(DATA TO PROCESS Opens)
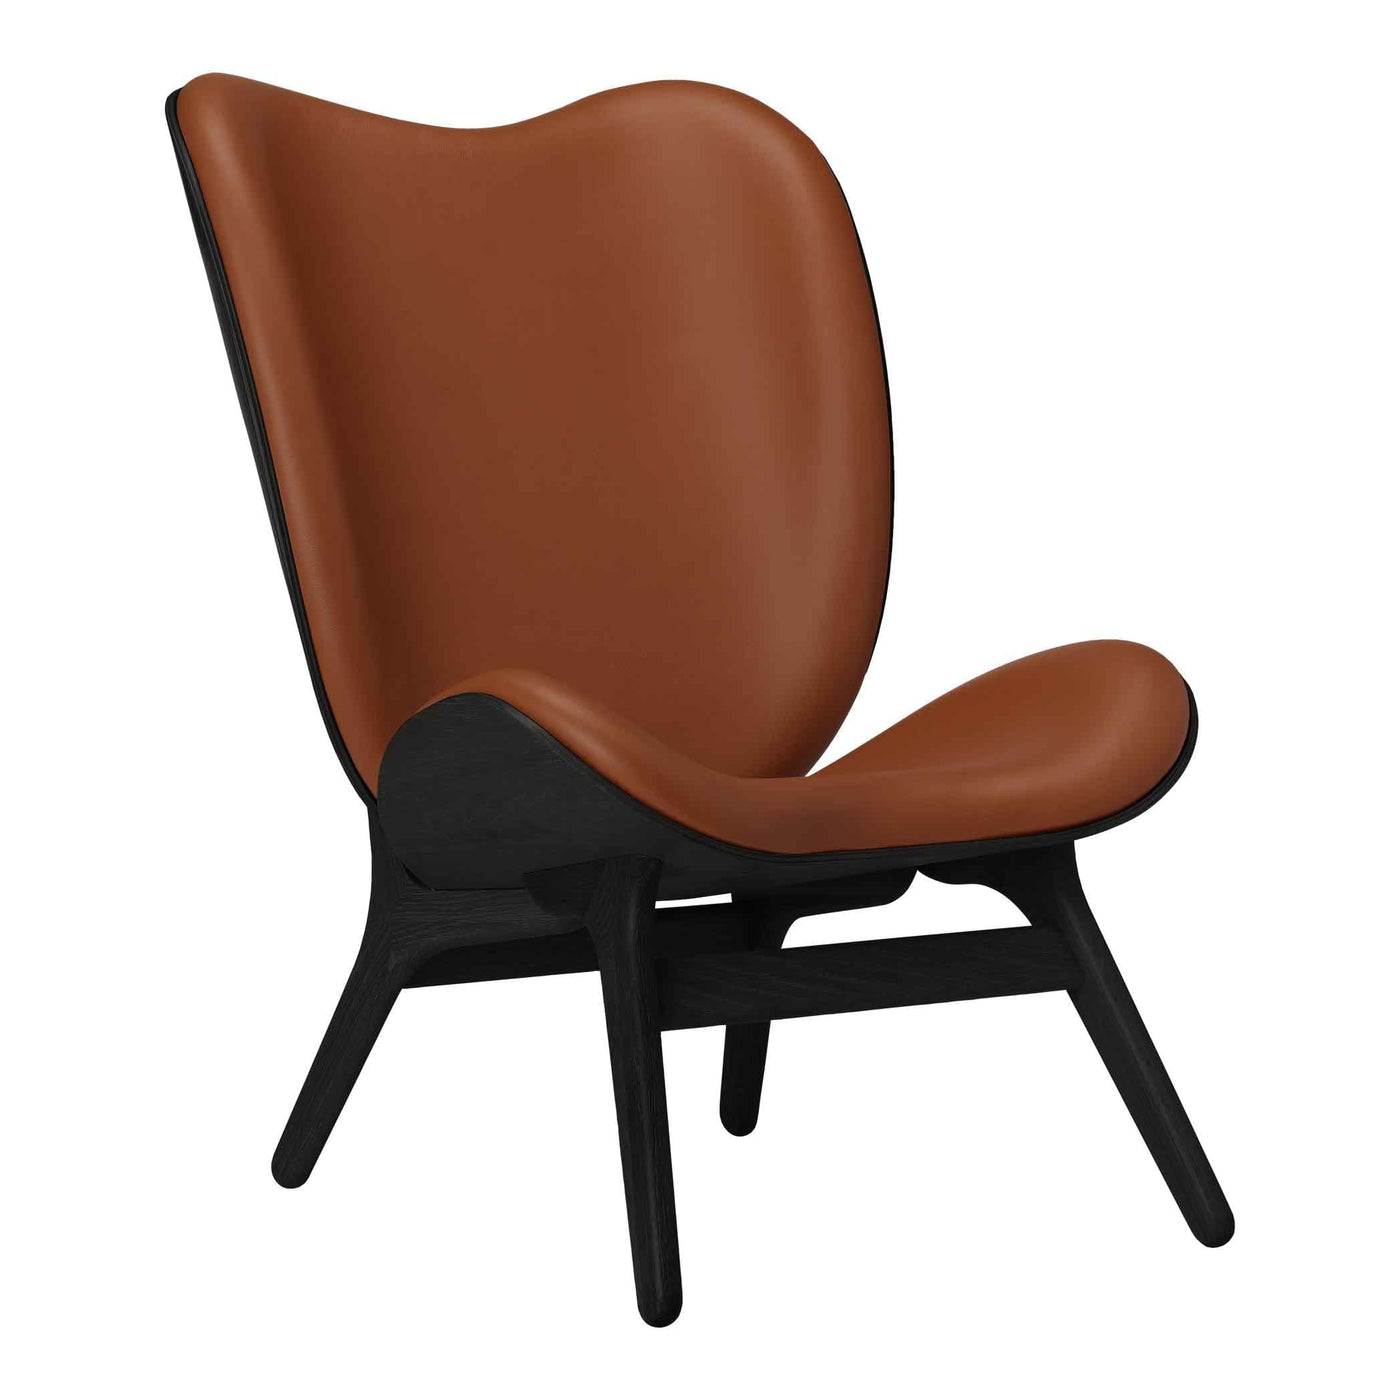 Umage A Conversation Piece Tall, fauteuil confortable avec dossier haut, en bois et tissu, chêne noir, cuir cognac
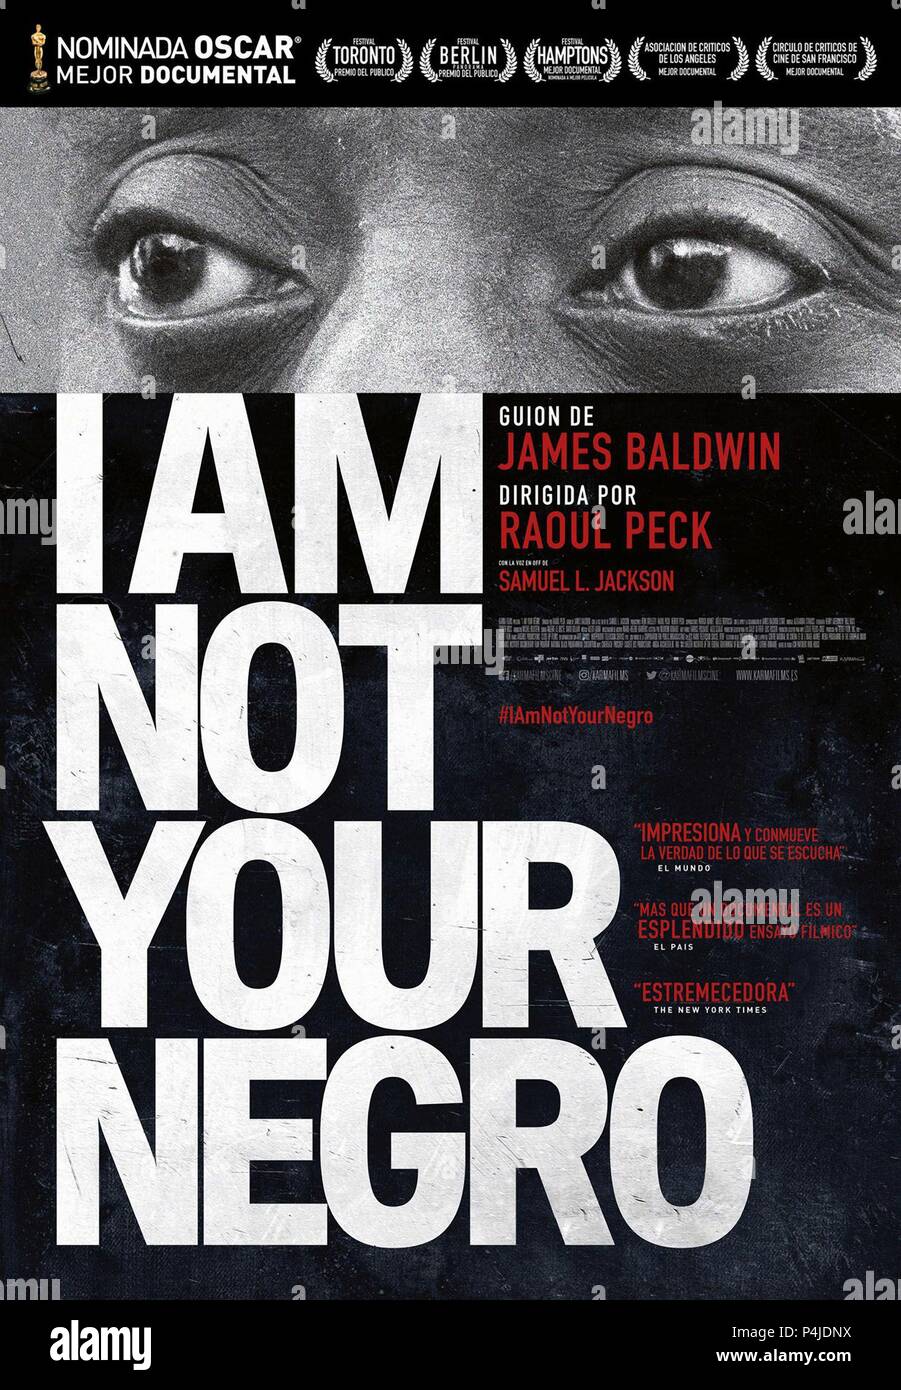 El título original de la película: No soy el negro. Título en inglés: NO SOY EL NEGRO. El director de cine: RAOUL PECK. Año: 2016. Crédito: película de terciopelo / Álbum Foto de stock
(DATA TO PROCESS Closes)
(DATA TO PROCESS Opens)
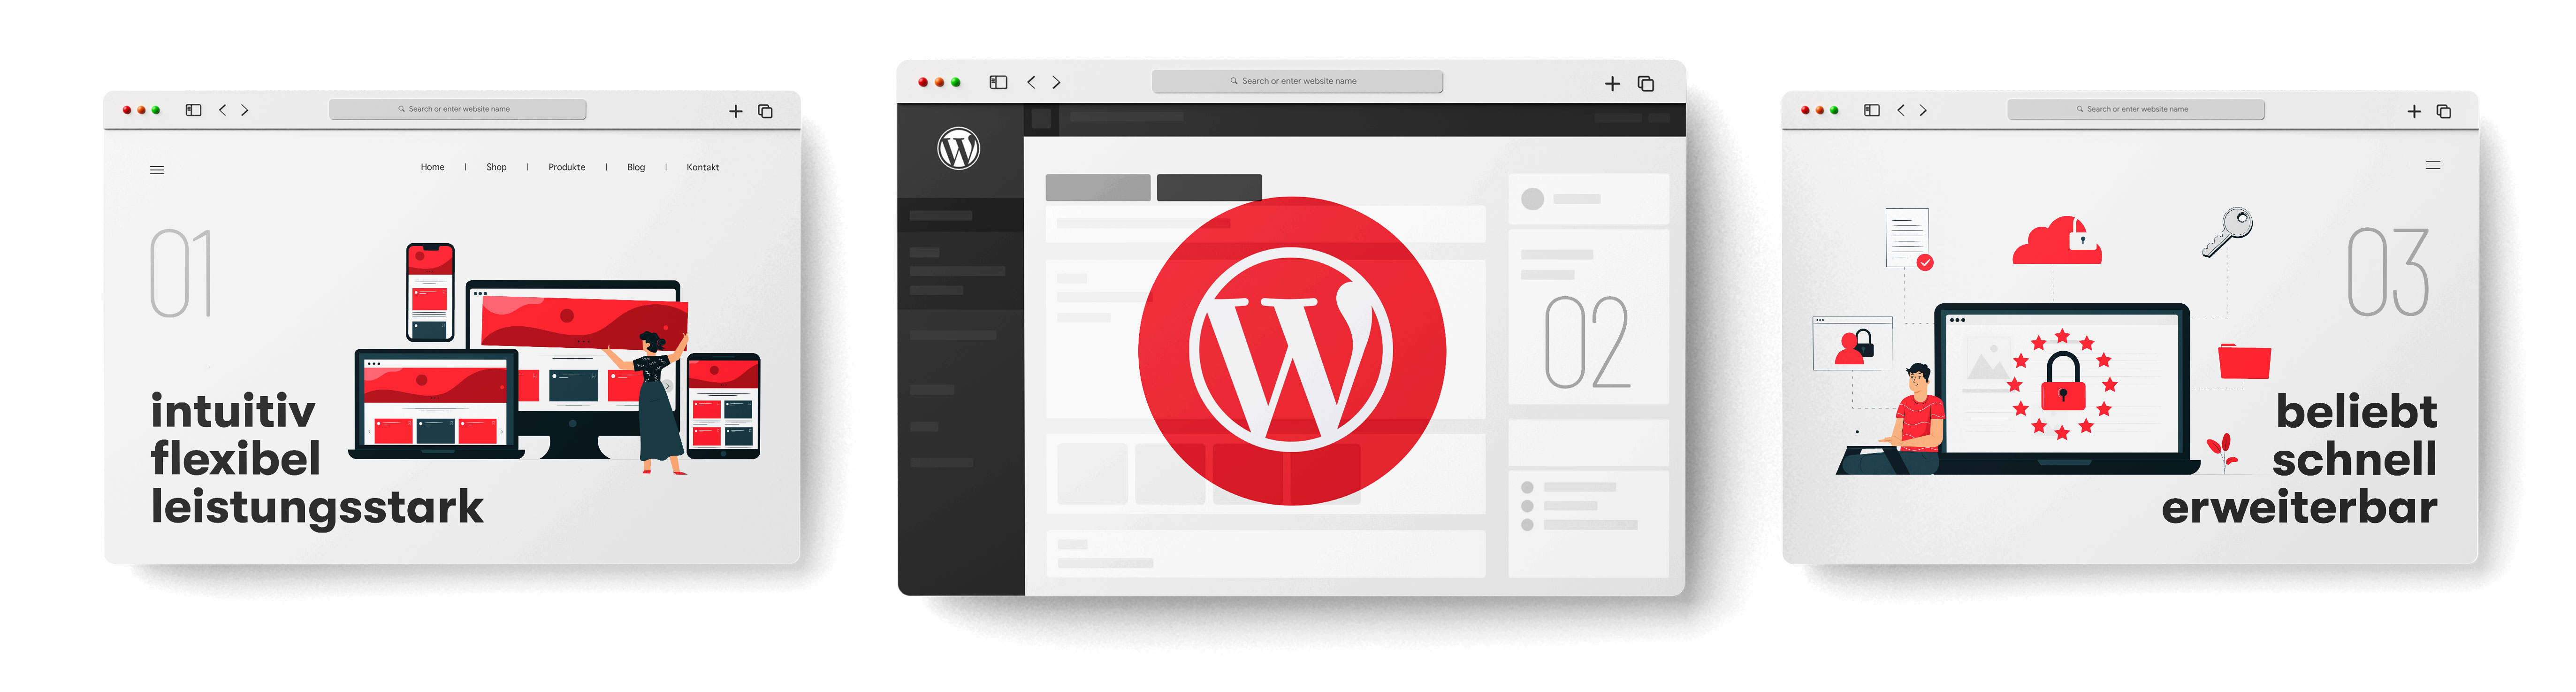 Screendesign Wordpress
(DATA TO PROCESS Closes)
**WHAT IS BEING ASKED:** Please return the material above only from the line that holds "Umage A Conversation" through the line that holds "El título original", exactly as it stands, ends included and pictures omitted.

**EXERCISE RESULT:**
 Umage A Conversation Piece Tall, fauteuil confortable avec dossier haut, en bois et tissu, chêne noir, cuir cognac
 El título original de la película: No soy el negro. Título en inglés: NO SOY EL NEGRO. El director de cine: RAOUL PECK. Año: 2016. Crédito: película de terciopelo / Álbum Foto de stock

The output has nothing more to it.